Prompt:
These records contain pictures, which must be left out; copy exactly the lines from the one with "Image of Impact" up to and including the one with "Maxtondesign Seitenschweller für".
+++ Dataset records +++
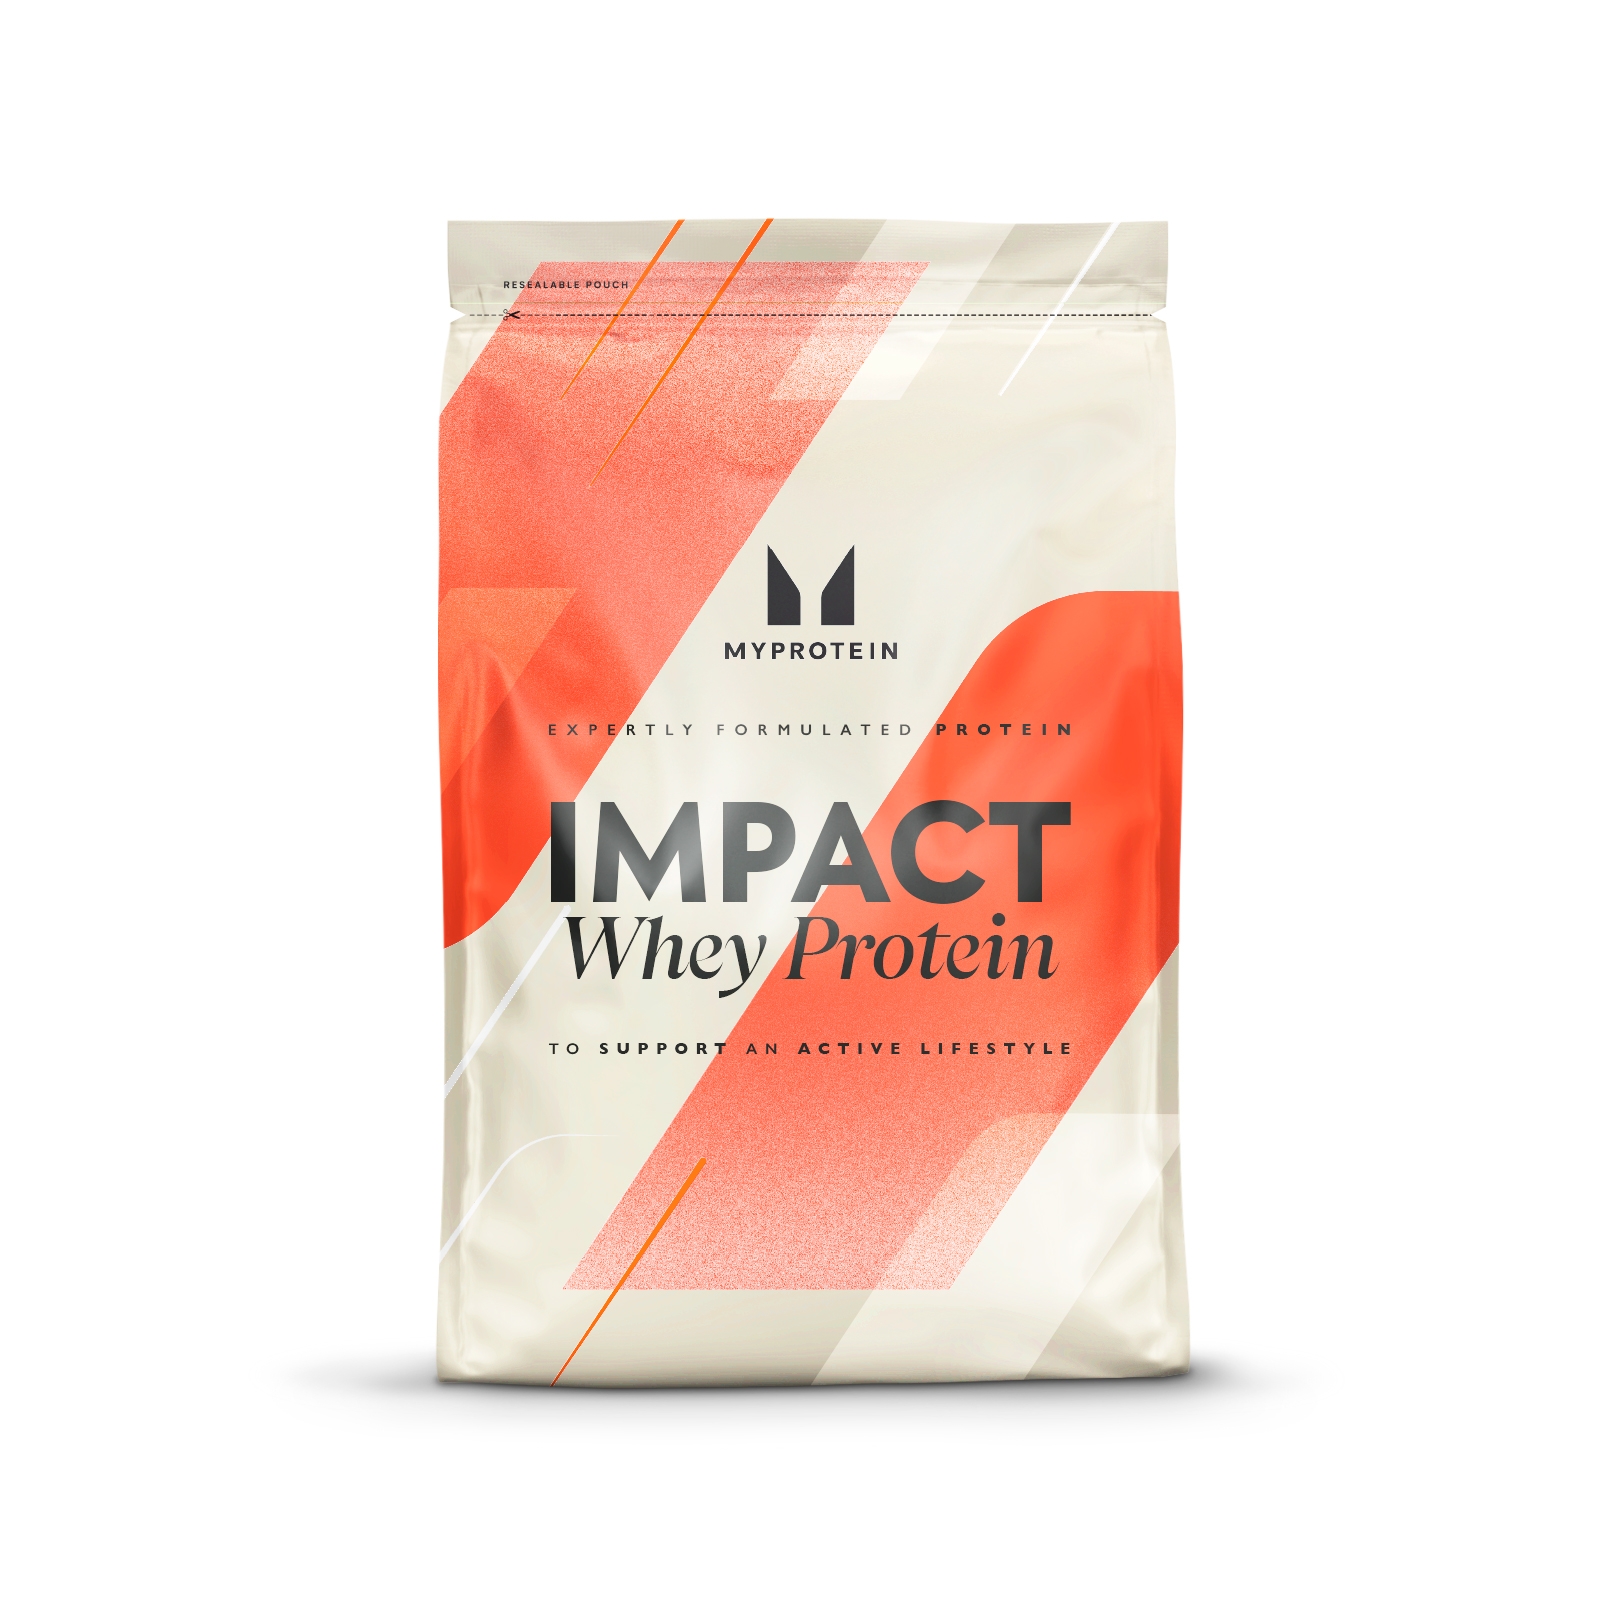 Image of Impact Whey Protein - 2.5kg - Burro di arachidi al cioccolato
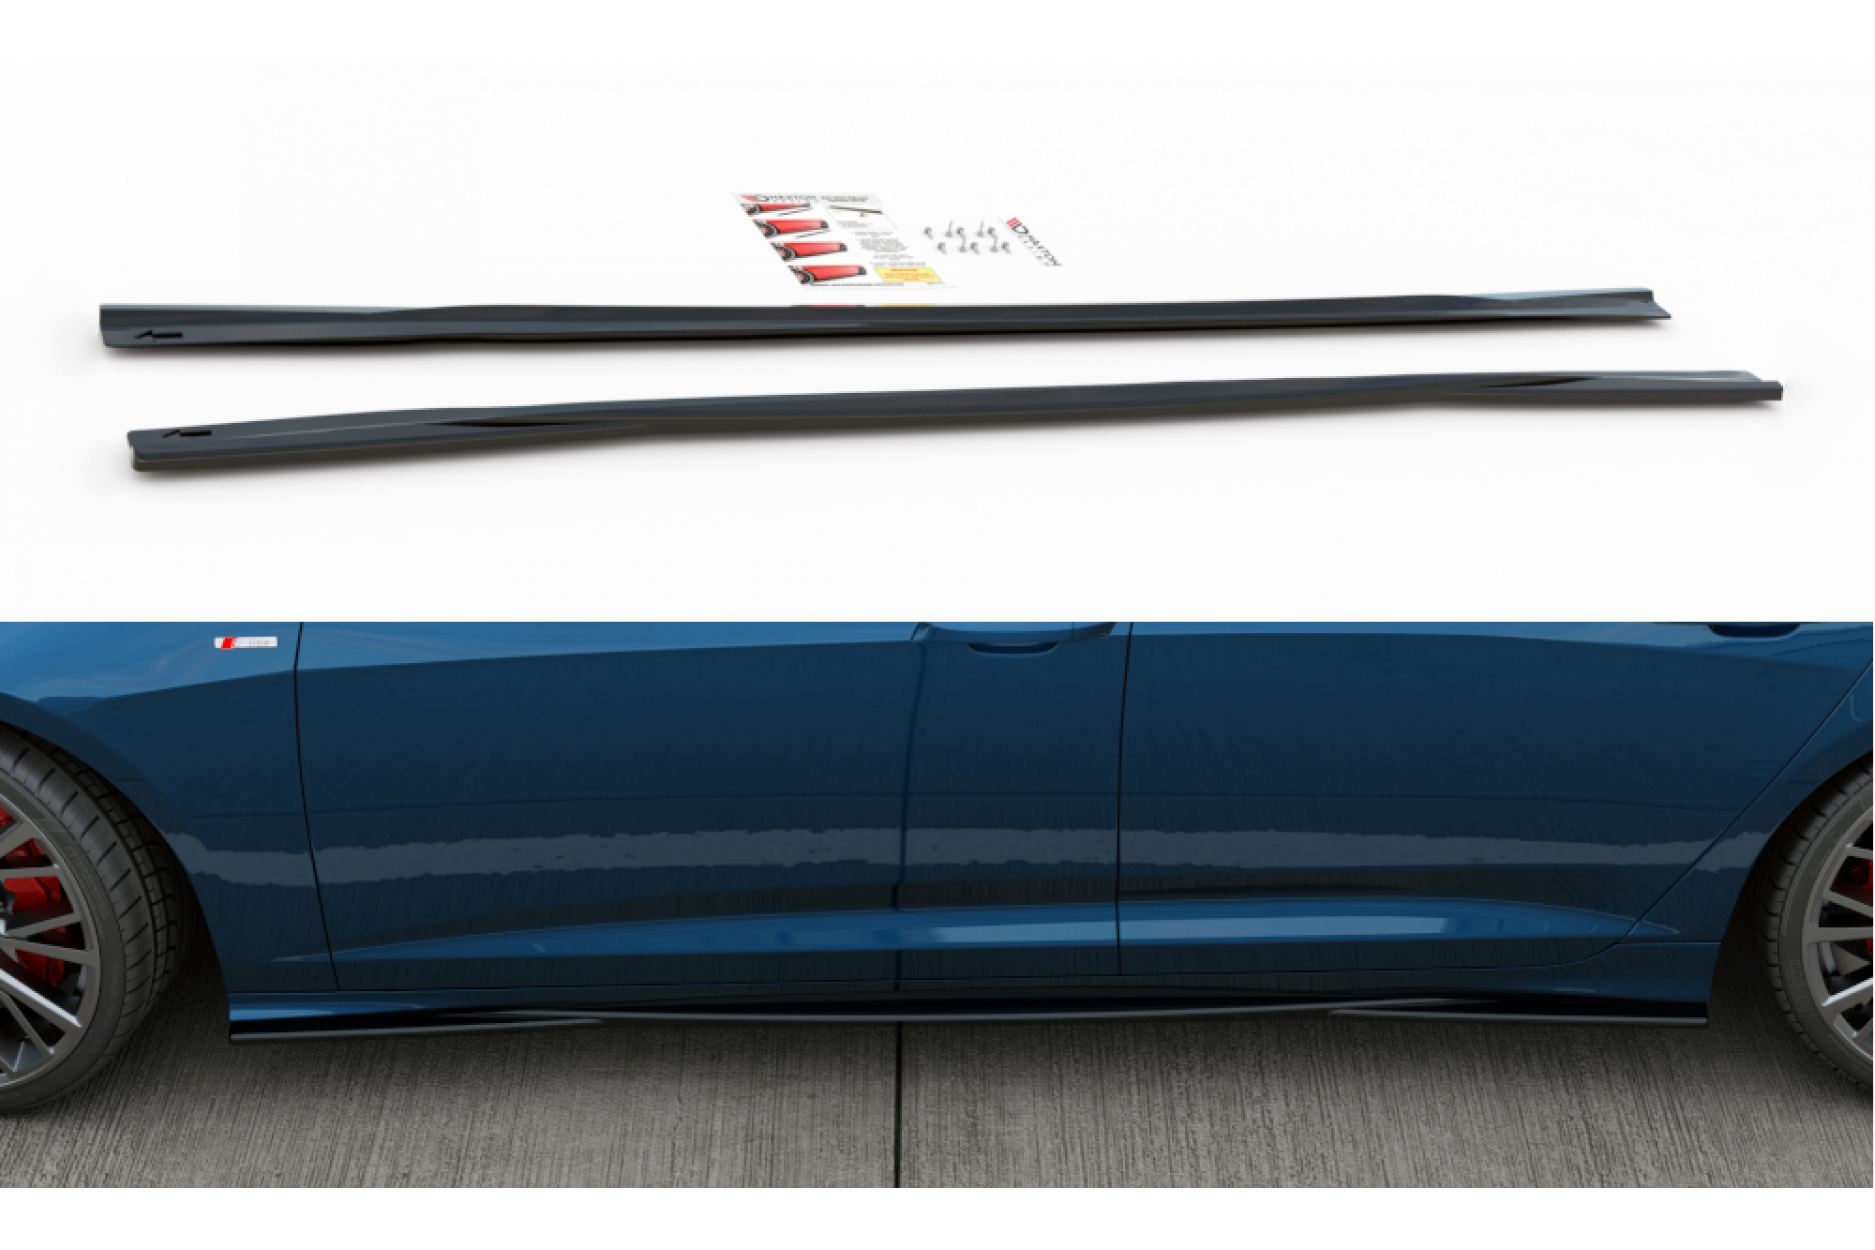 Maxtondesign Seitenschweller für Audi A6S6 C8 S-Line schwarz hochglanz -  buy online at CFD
+++
+++ Dataset records +++
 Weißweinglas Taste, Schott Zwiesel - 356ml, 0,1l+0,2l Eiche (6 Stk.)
+++
Completed task:
 Image of Impact Whey Protein - 2.5kg - Burro di arachidi al cioccolato
 Maxtondesign Seitenschweller für Audi A6S6 C8 S-Line schwarz hochglanz -  buy online at CFD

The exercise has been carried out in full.